● DATA BELOW
**********
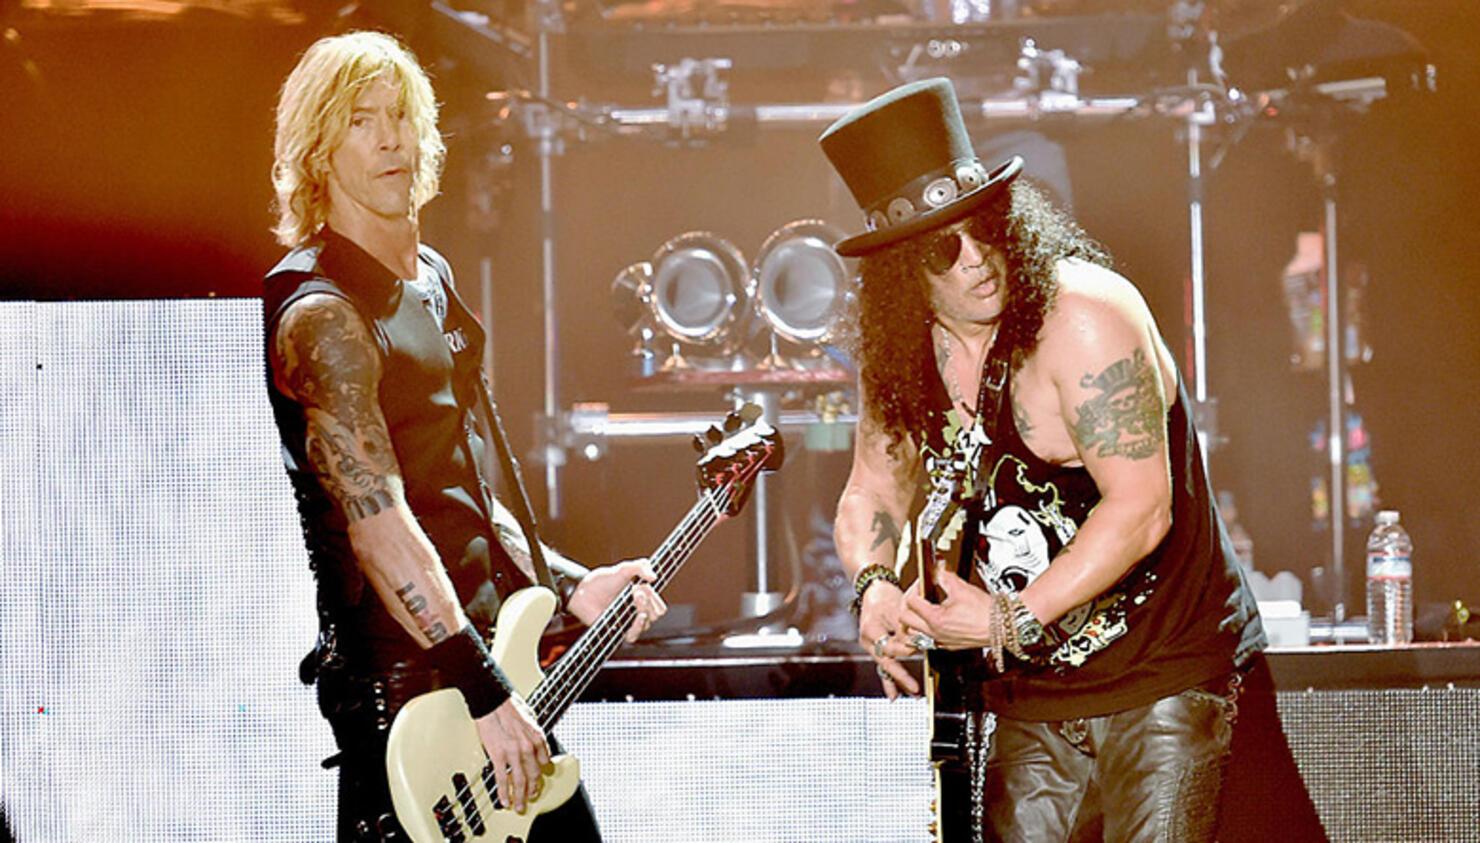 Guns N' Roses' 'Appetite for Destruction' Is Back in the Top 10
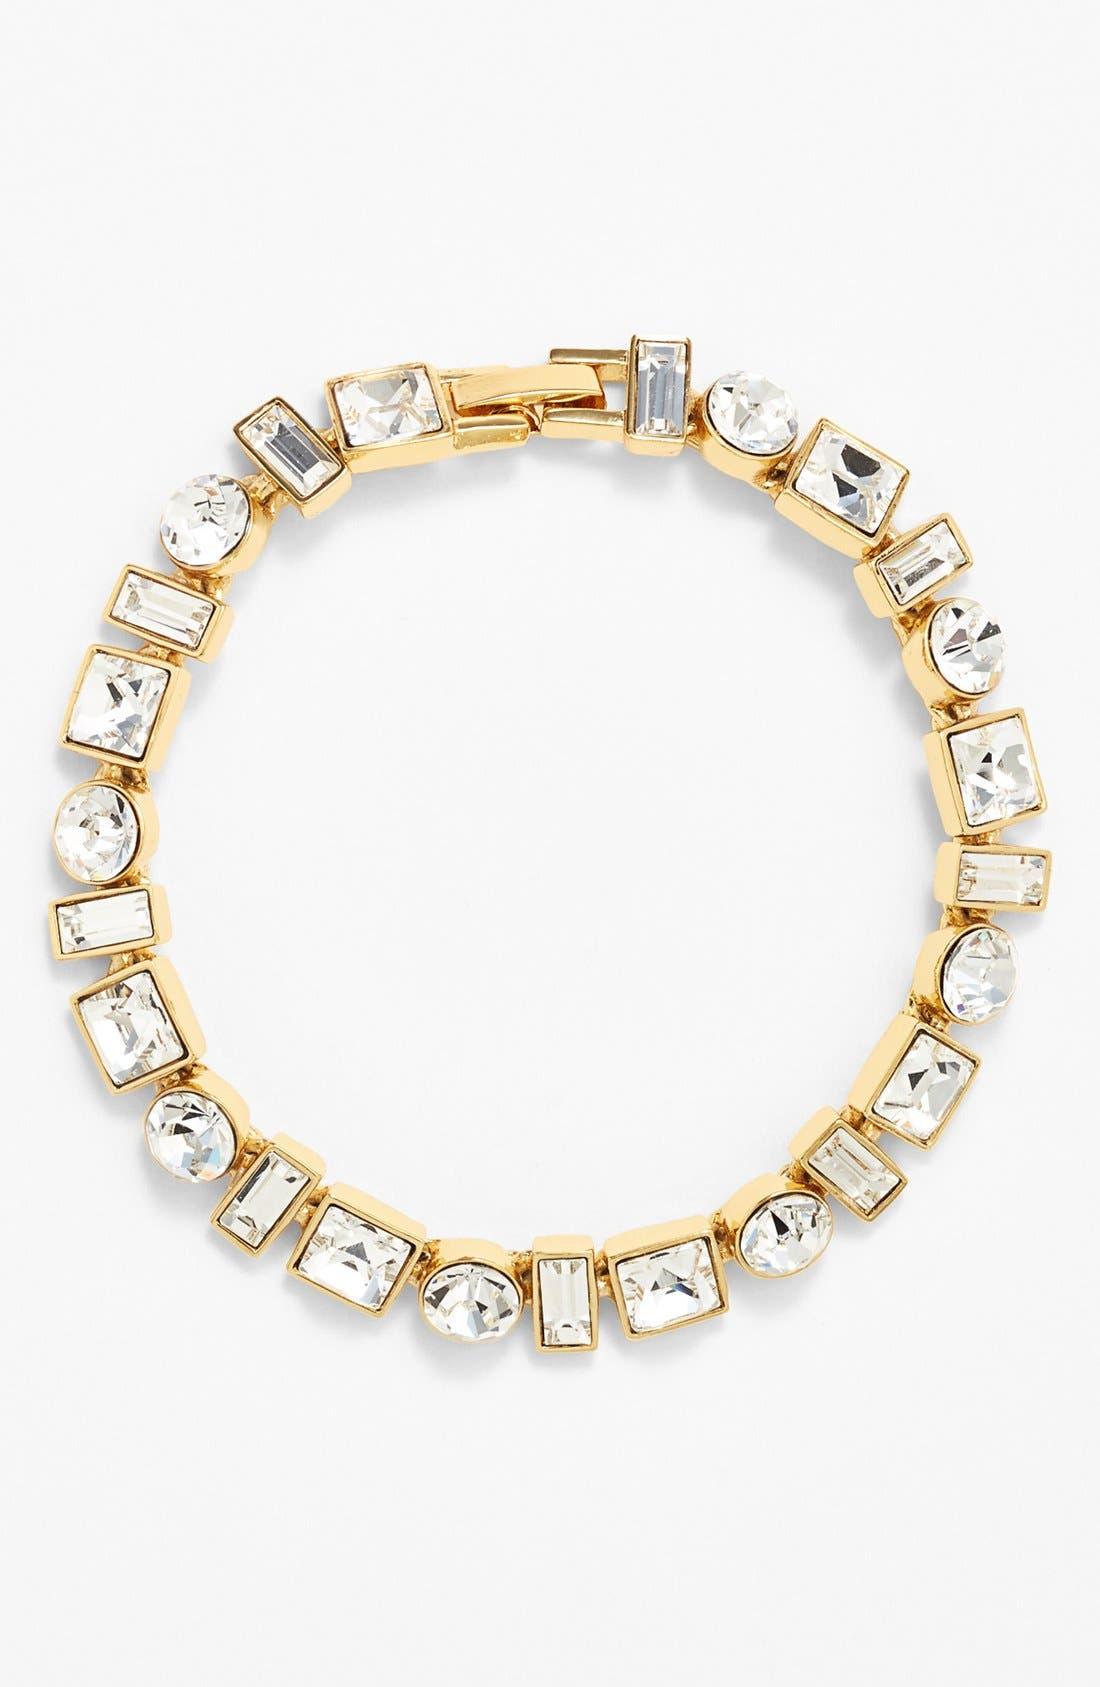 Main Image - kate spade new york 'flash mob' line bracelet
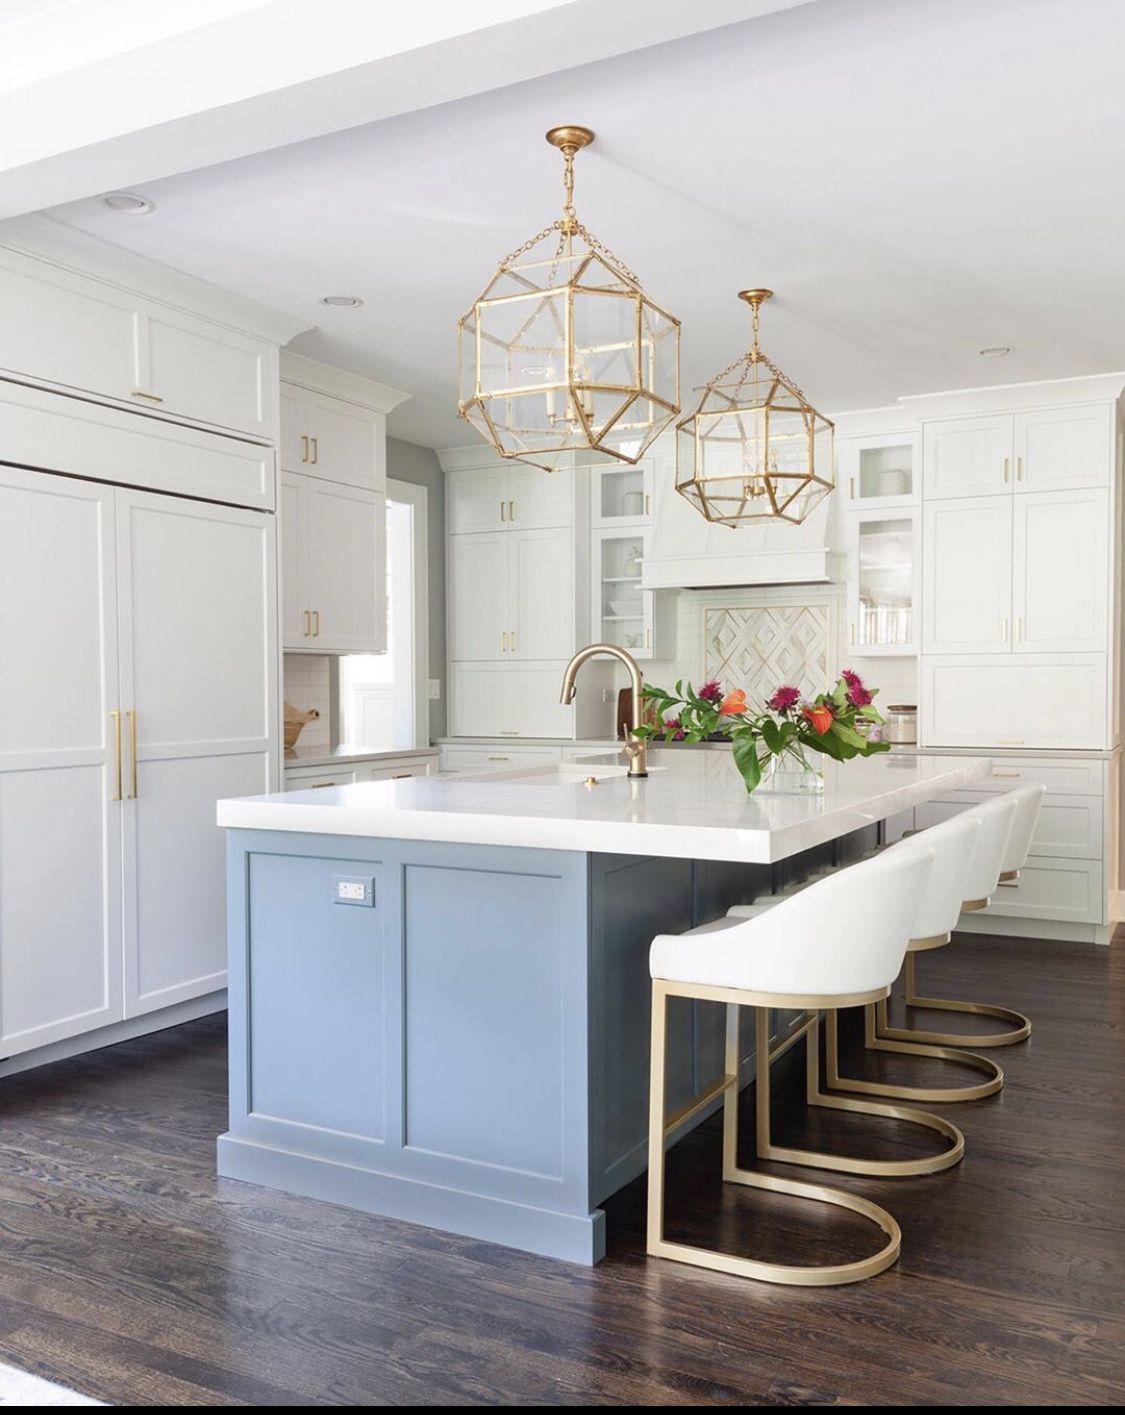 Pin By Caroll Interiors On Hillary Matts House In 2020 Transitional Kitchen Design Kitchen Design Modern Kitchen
**********
● TASK DIRECTIONS
The response is the full listing, copied exactly, with the pictures omitted.

● OUTPUT FOR THIS EXERCISE
 Guns N' Roses' 'Appetite for Destruction' Is Back in the Top 10
 Main Image - kate spade new york 'flash mob' line bracelet
 Pin By Caroll Interiors On Hillary Matts House In 2020 Transitional Kitchen Design Kitchen Design Modern Kitchen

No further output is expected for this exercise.